在复杂查询中联接两个表(非统一数据) [英] Joining two tables in a complex query (not uniform data)
问题描述
我需要在查询中连接两个表,以便将数据插入到第三个表中(以后将它们用于联接这两个表).我只会在这些表中提及相关列.
I need to connect two tables in a query that I will use to insert data to third table (used in the future to join the two). I will mention only relevant columns in these tables.
PostgreSQL版本9.0.5
PostgreSQL version 9.0.5
表1:data_table
已迁移的数据,大约1万行,相关的列:
migrated data, ca 10k rows, relevant columns:
id(主键)
地址(一个地址,我需要与第二个表匹配的字符串.此地址的长度是可变的.)
address (beginning of an address, string that I need to match with the second table. This address has varying length.)
表2:字典
字典,约900万行,相关列:
dictionary, ca 9 mln rows, relevant columns:
id(主键)
地址(完整地址,我需要与第一个表匹配的字符串,长度也有所不同.)
address (full address, string that I need to match with the first table, varying length as well.)
我到底需要什么
我需要在select语句中正确连接这些表,然后将它们插入第三个表.我需要的是一种成功连接这些表的方法.

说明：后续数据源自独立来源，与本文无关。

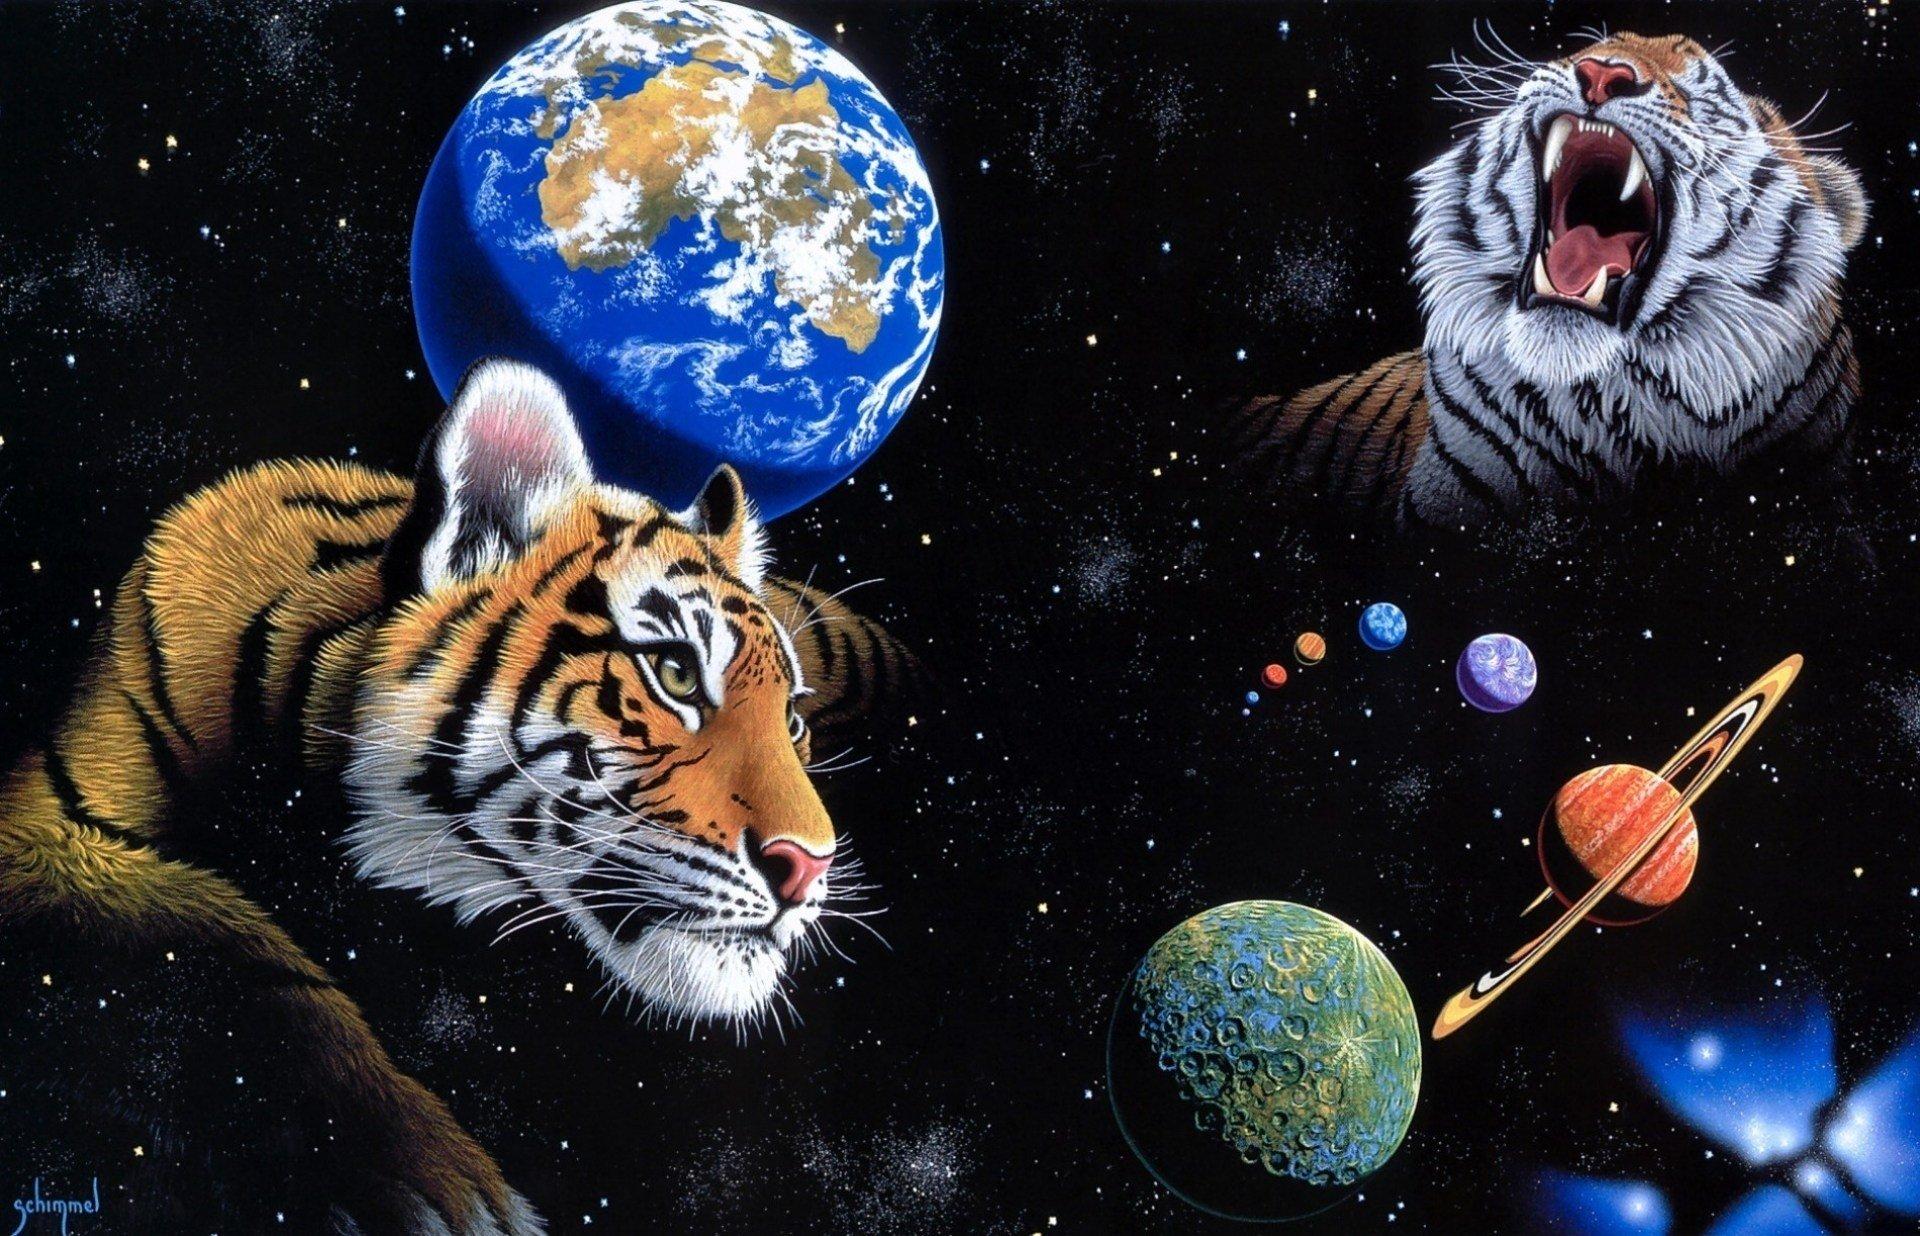 Tiger HD Wallpaper | Background Image | 1920x1236 | ID ...

I need to correctly connect these tables in a select statement, and then insert these to a third table. All I need is a way to successfully connect these tables.
我要这样做的方法是从data_table中获取每个地址,并将其与以data_table.address开头的字典中的第一个地址(按地址asc排序)连接(不增加记录,因为很多地址)在字典中以每个data_table.address开头).

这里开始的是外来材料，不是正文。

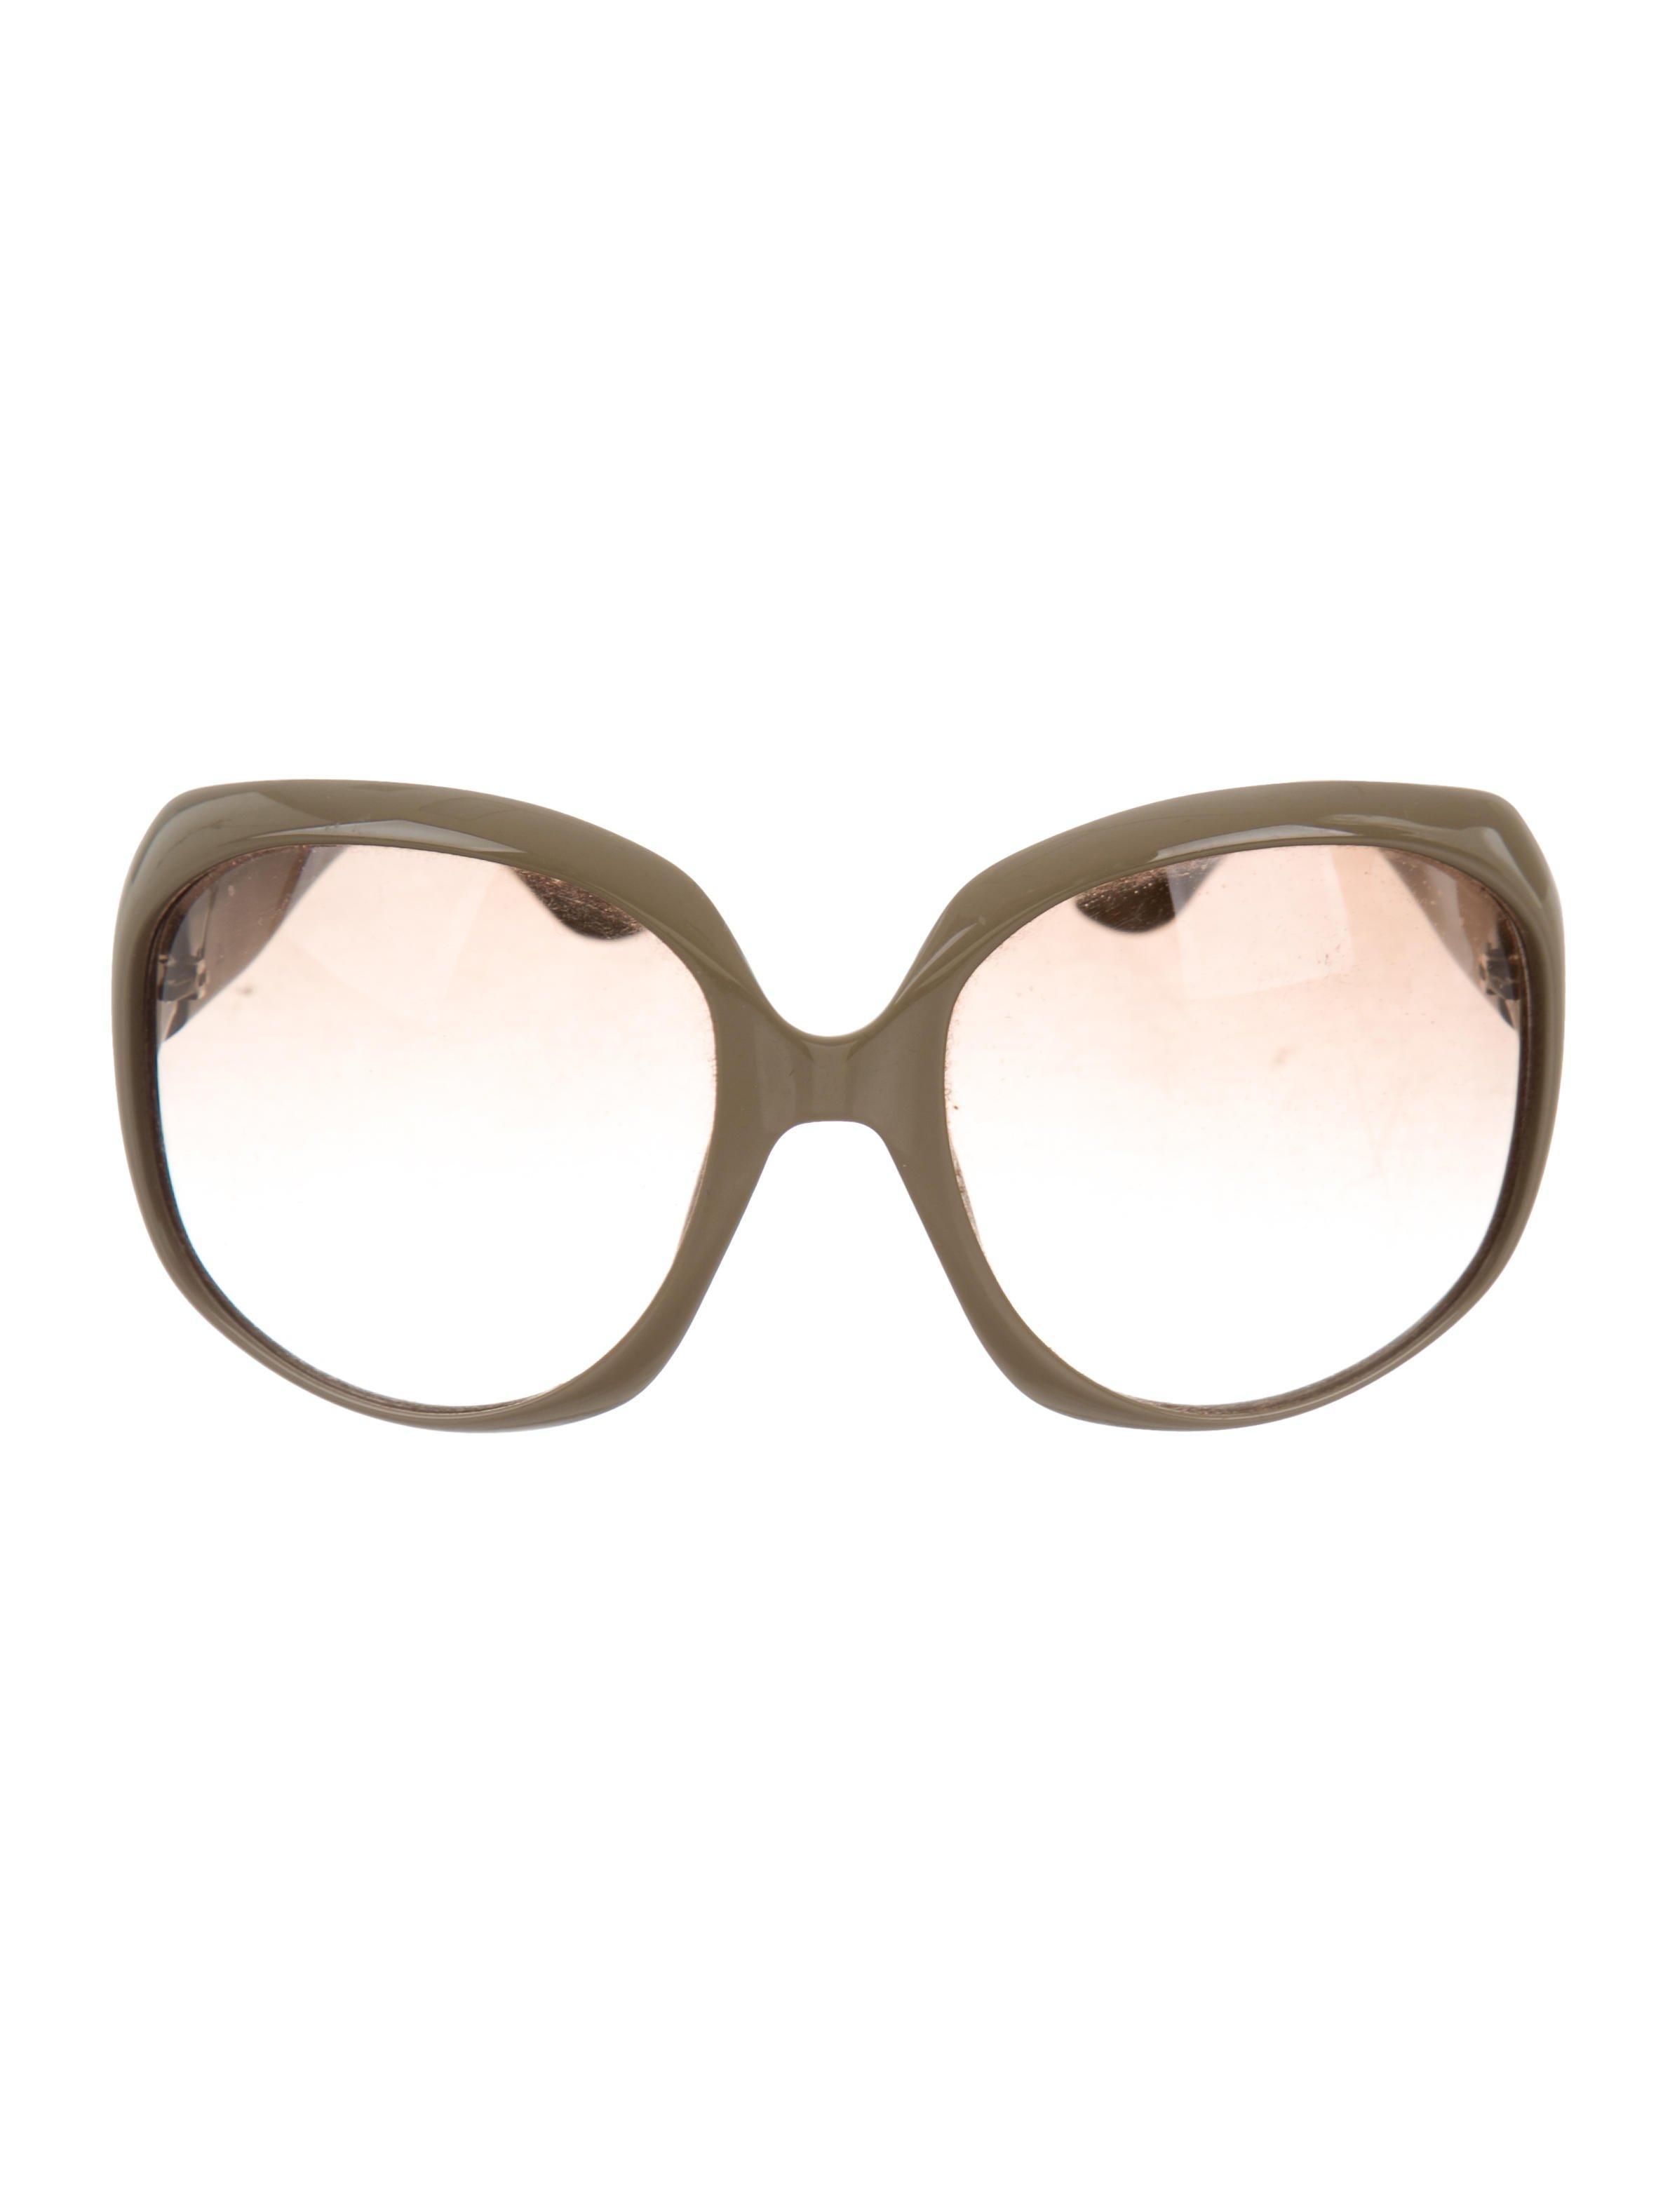 834f7f631d4 Lyst - Dior Glossy 1 Sunglasses Brown in Metallic

The way I want to do it is to take each address from data_table, and join it with first address (edit: order by address asc) from dictionary that begins with data_table.address (without multiplying records, as a lot of addresses in dictionary begin with each data_table.address).

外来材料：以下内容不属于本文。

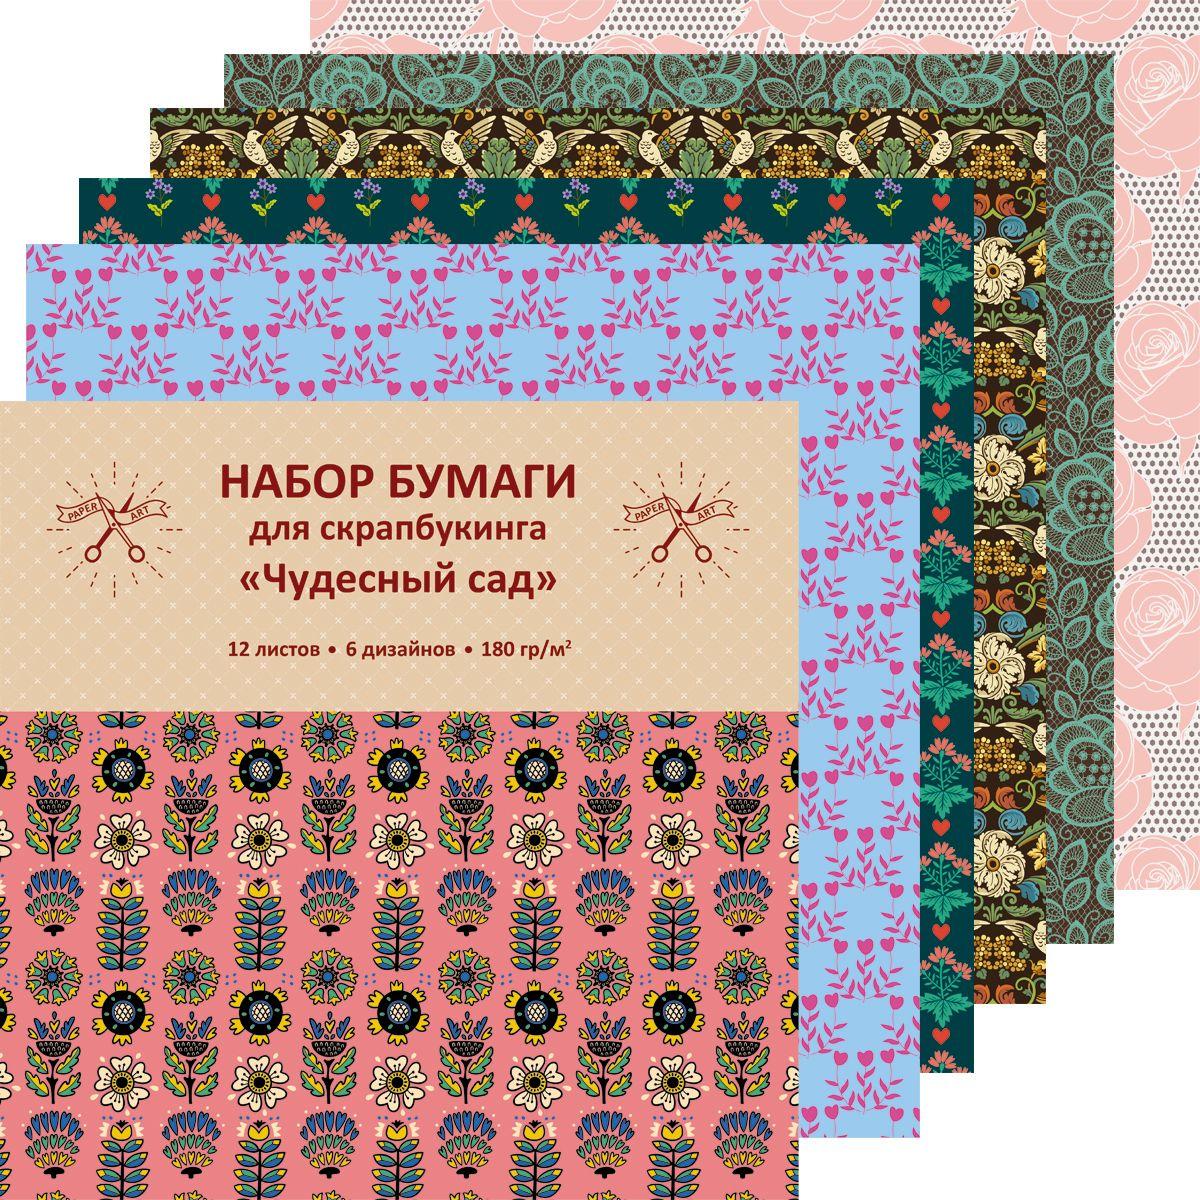 Канц-Эксмо Бумага для скрапбукинга Чудный сад 330 х 330 мм бумага для скрапбукинга двусторонняя prima marketing parfait

此外,两个表中的地址都包含很多不规则空格,因此我们可能需要
Also, addressess in both tables contain a lot of irregular spaces, so we probably need to
replace(address, ' ', '')
两者均
(欢迎其他任何想法).由于字典有900万行,并且服务器运行缓慢,因此可能还会存在一些性能问题.
on both of them (any alternative ideas welcome). There might also be some performance issues since dictionary has 9 mln rows and the server is rather slow.
我认为结果是以下查询的某种变化:
I see the result as some variation of following query:
select
data_table.id, dictionary_id
from
data_table, dictionary
where
-conditions-
推荐答案
我们的架构师想出的解决方案是编写一个函数来查找第一个匹配项.
The solution that our architect came up with was writing a function to find the first match.
功能:
CREATE OR REPLACE FUNCTION pick_one_address(text)
RETURNS text AS
$BODY$
DECLARE
address_query text;
toFind text;
found text;
BEGIN
toFind := (replace($1, ' ', '') || '%');
address_query := 'select al.id from dictionary al where replace(al.adres, '' '', '''') like ''' || toFind ||''' limit 1';
EXECUTE address_query into found;
RETURN found;
RETURN found_address;
END $BODY$
LANGUAGE plpgsql VOLATILE
COST 100;
由于我确实更改了表名以保护公司的隐私,并且没有提及我用来简化问题的第三张表,因此代码可能看起来很奇怪,但是我想它应该足以理解该机制.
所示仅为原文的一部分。